Hey,
still being new to PyTorch, I am still a bit uncertain about ways of using inbuilt loss functions correctly. On PyTorch’s official website on loss functions, examples are provided where both so called inputs and target values are provided to a loss function. I assume, that the input tensor models the output of a network, such that loss functions compute the loss as a function of the difference between the target and the input values.
In my concrete case, I am working on an implementation of Reinforcement Learning (DQN).
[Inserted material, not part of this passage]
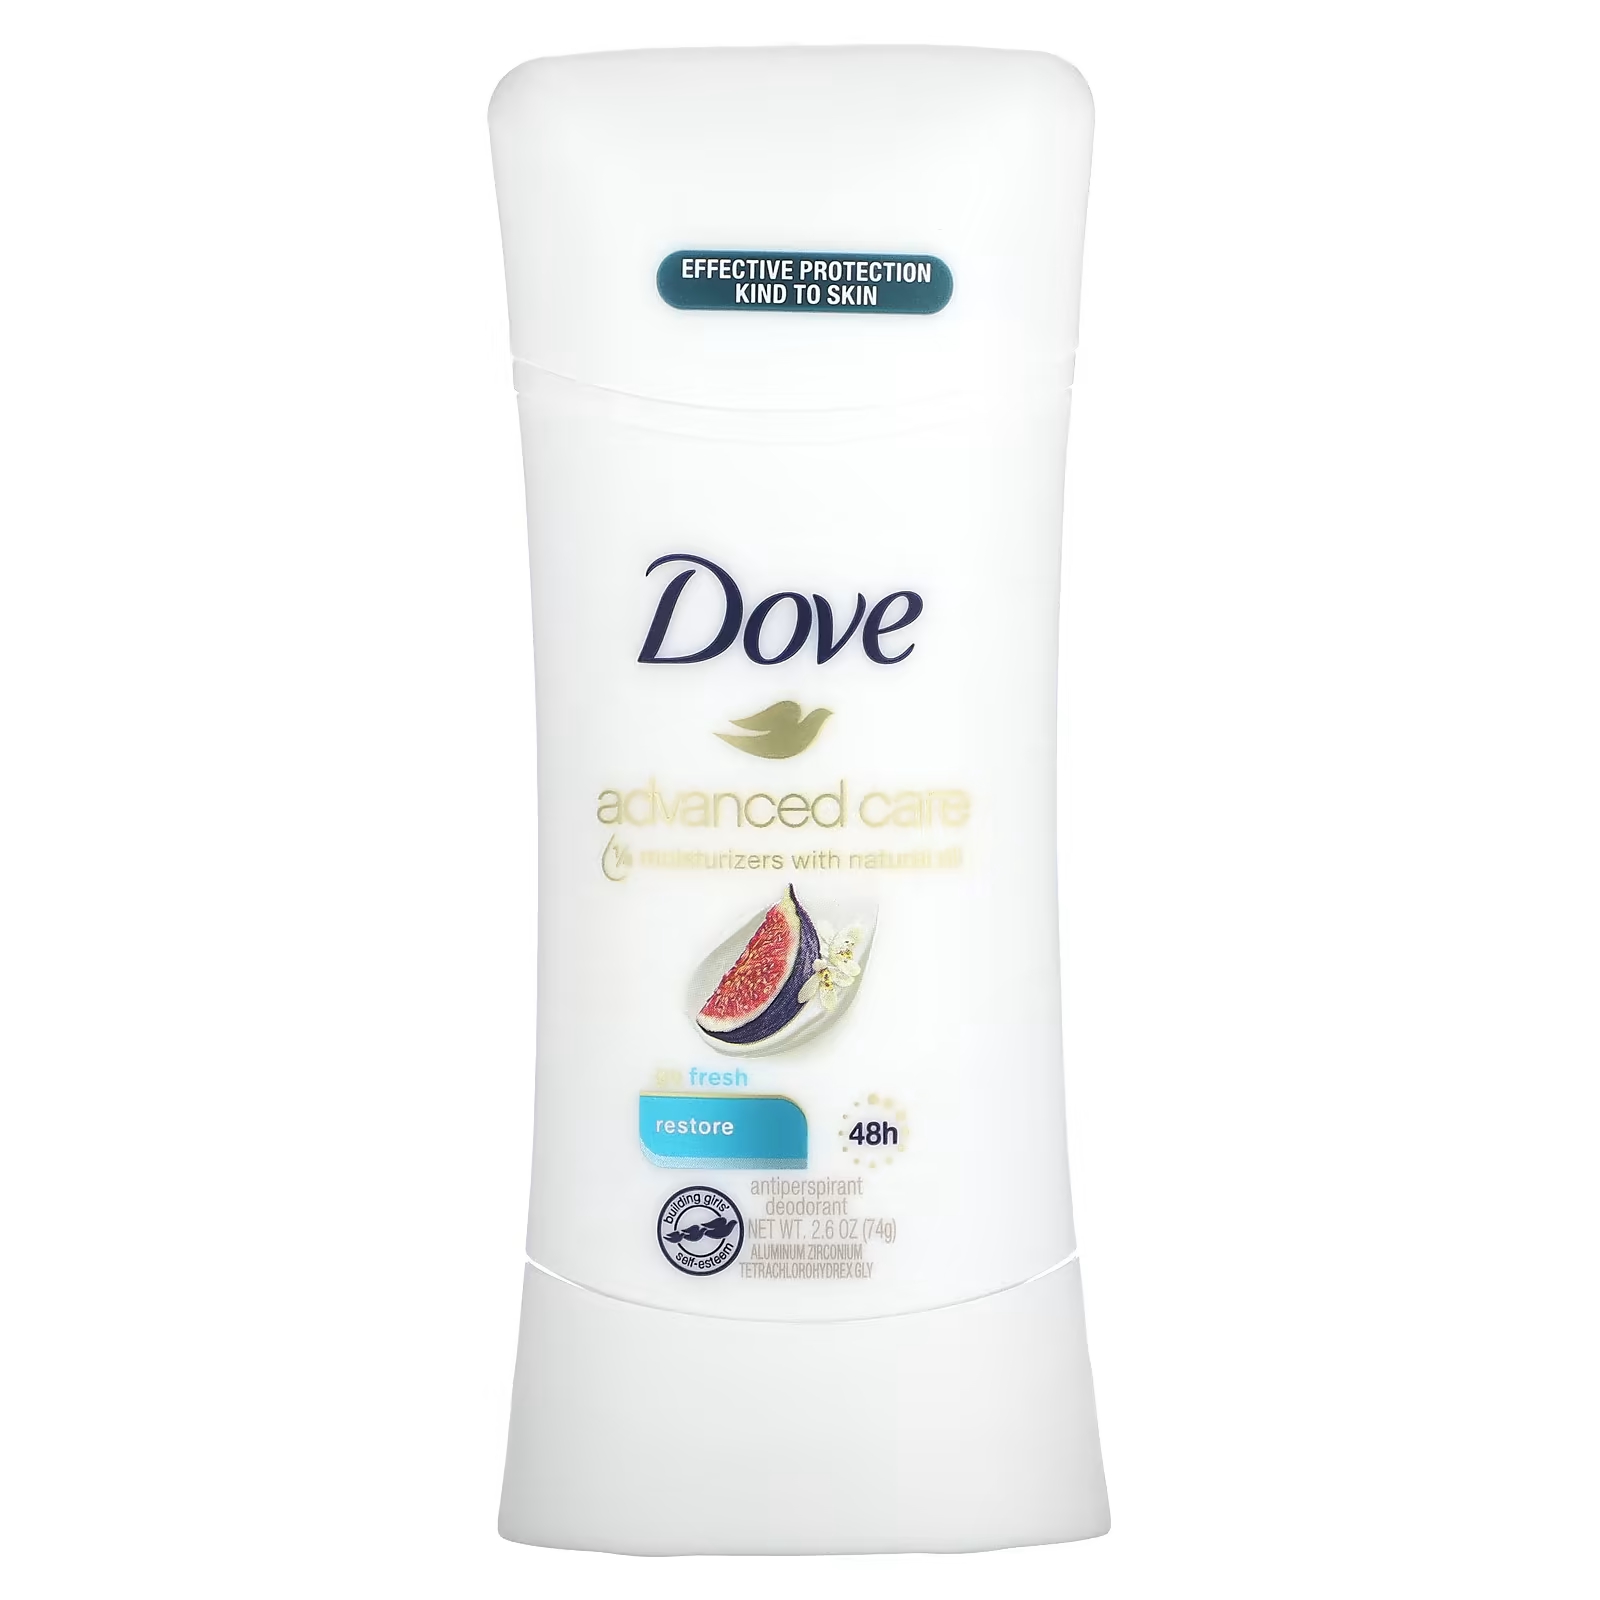 Дезодорант-антиперспирант Dove Advanced Care Go Fresh восстанавливающий, 74 гр. цена и фото

So, If I am not mistaken and assuming that the above is correct, applying a single (simplified) update to my network in each iteration of an update-function’s for-loop should look somewhat like that:
def updateNetwork():
mini_batch = self.constructMiniBatch()
for sample in mini_batch:
# compute q_values (predictions)
predicted_q_values = self.q_net(sample.current_state, sample.current_state_actions)
# compute estimated max target value of next state
discounted_future_rewards = discount_factor * self.target_net(sample.next_state, sample.next_state_actions)
# argmax
max_future_reward, _ = t.squeeze(discounted_future_rewards).max(0)
# sum things up
max_future_reward += sample.observed_reward
# first: target values = predictions; then only set particular q_value to actual target value (max_future_reward) for which we have an observed reward
target_values = predicted_q_values.clone()
target_values[0, action_chosen_in_the_past] = max_future_reward
# apply update - This should make (only) the predicted q_value for which we observed a concrete reward in the past more similar target value
self.q_net.optimizer.zero_grad()
loss = self.q_net.loss(predicted_q_values, target_values)
loss.backward()
self.q_net.optimizer.step()
If this is correct so far, I was wondering how to translate this cumbersome variant of sequential batch training in a more efficient form of batch training, avoiding the outer for-loop. I assume, this would lead to better performance due to better parallelization on the GPU.
Could I simply pass a batch of inputs through the network, get a batch of q-values returned, and then pass both the batch of predicted q_values and the batch of target_values to the loss function? Is that how easy it works?
By the way, I am aware that there is an official tutorial on DQNs on the PyTorch website, but I am still a bit uncertain about it.
Thanks a lot in advance!
Daniel